RICHMOND, Va. (BP) — “Water, water, everywhere, nor any drop to drink.”

In “The Rime of the Ancient Mariner,” sailors go mad with thirst under a scorching sun as their cursed vessel sits, day after day, “idle as a painted ship upon a painted ocean.”

Erich Bridges

Thirsty in the midst of an ocean: Sounds like our relationship to the ever-increasing torrent of information flooding us from every direction. We can’t even begin to absorb it, much less use it effectively.

“Information workers, who comprise about 63 percent of the U.S. workforce, are each bombarded with 1.6 gigabytes of information on average every day through emails, reports, blogs, text messages, calls, and more,” writes Andrea Coombes of The Wall Street Journal.

Drenched in this waterfall of data, we often remain dehydrated when it comes to the knowledge and insights we need to understand God’s world and how to respond to it.

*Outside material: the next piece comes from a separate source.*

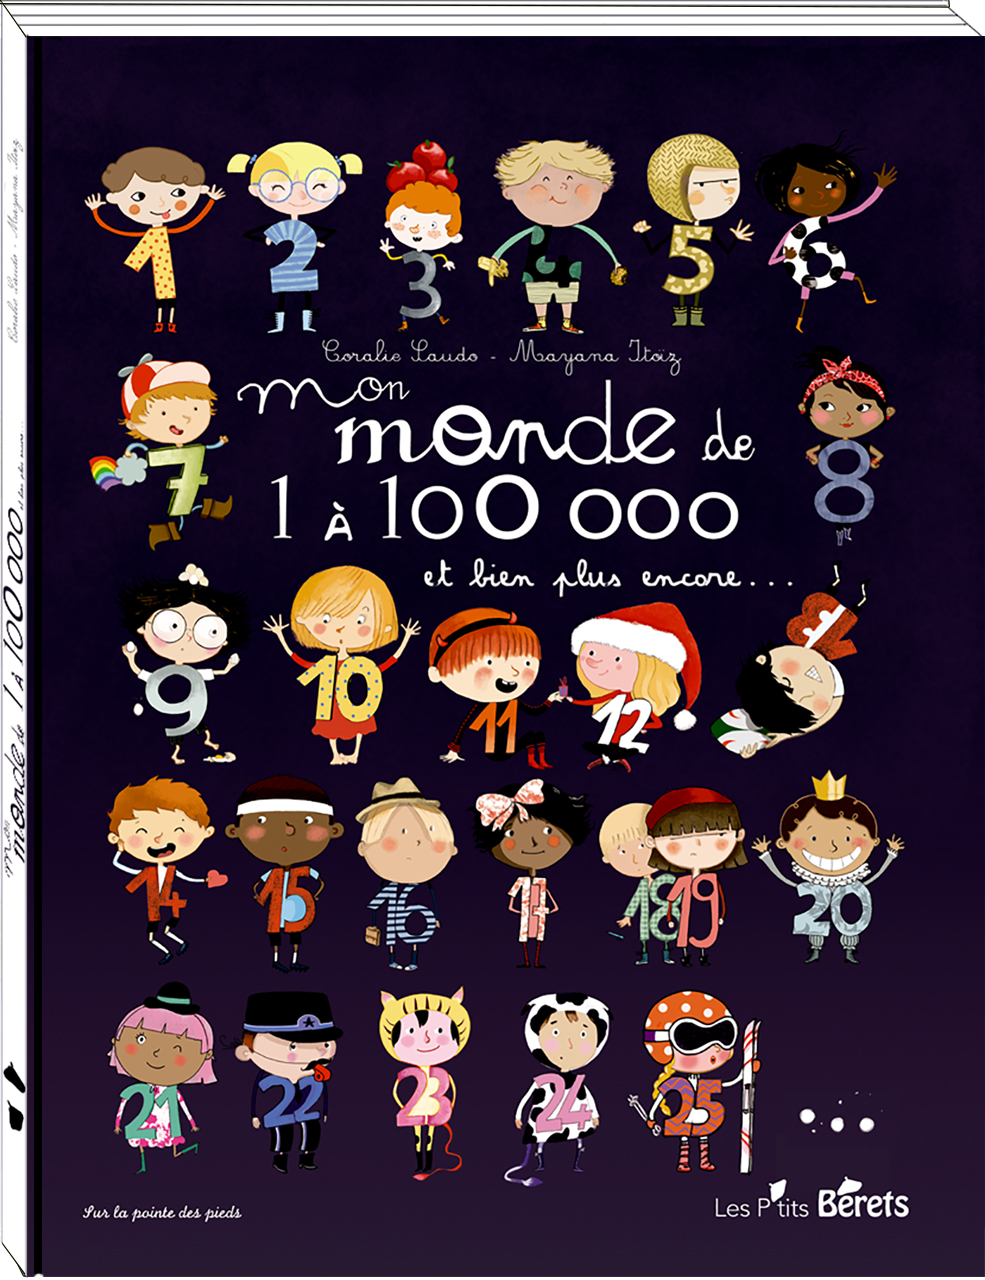 mayana-itoiz-illustratrice-mon-monde-de1-a-1000-couverture

Several pastors and mission ministers recently were asked what they read regularly. They cited multiple types of print and digital media, but said they needed more than information. They want handles, context, practical tools they can use to get their families and churches involved in the wider world.

At the very moment when all kinds of media are multiplying, one of the best tools available for understanding the onslaught of information is on life support: journalism. For all their biases and shortcomings, good newspapers tell us what is happening, where and when it’s happening and, often, why it’s happening.

With a newspaper in one hand and a Bible in the other, we can cut through the clutter, get to the heart of the matter, and act.

A vital free press was important enough to the founders of our nation to appear in the Bill of Rights, right up top in the First Amendment, alongside freedom of religion, speech, assembly, and petition. Ben Franklin was a dedicated newspaperman. Thomas Jefferson understood it as well.

“Were it left to me to decide whether we should have a government without newspapers, or newspapers without a government, I should not hesitate a moment to prefer the latter,” Jefferson famously said.

Mr. Jefferson, we are facing the possibility of the former.

Newspapers large and small are closing up in one city after another. More than 22,000 U.S. newspaper jobs were lost in 2008; another 7,000 employees have been laid off so far this year. One analyst predicts the last newspaper printing press will stop rolling by 2043. Others think the end will come much sooner than that amid a tough economy, generational declines in readership, and the demand for free content (including news) online.

Religious media face those pressures – plus the decline of support for denominational institutions. Southern Baptist state newspapers, for instance: They have a long, noble tradition of informing churches and holding Southern Baptist leaders and institutions accountable. They’re still doing both, but struggling to survive in the new multimedia environment.

Stop whining, respond new-media proponents. Journalism isn’t dying, they assert, it’s just being forced to change like everything else. More good news reporting than ever is available online at the touch of a keypad – sifted and sorted by personal interest. And it’s being greatly enriched by “citizen journalism,” blogs, social media, and other new forms of digital interaction.

True enough, but is Google opening news bureaus overseas? Will Facebook send reporters to cover the next war or natural disaster, or investigate corruption in your local government?

So, I challenge you to buy a newspaper. That’s right, buy it – with cash money from your pocket. Read it. Put it into the hands of a young person in search of knowledge and understanding. Subscribe to a Baptist state paper.

You can’t make an impact on your mission field – which is the world, from your town to the ends of the earth – unless you understand it.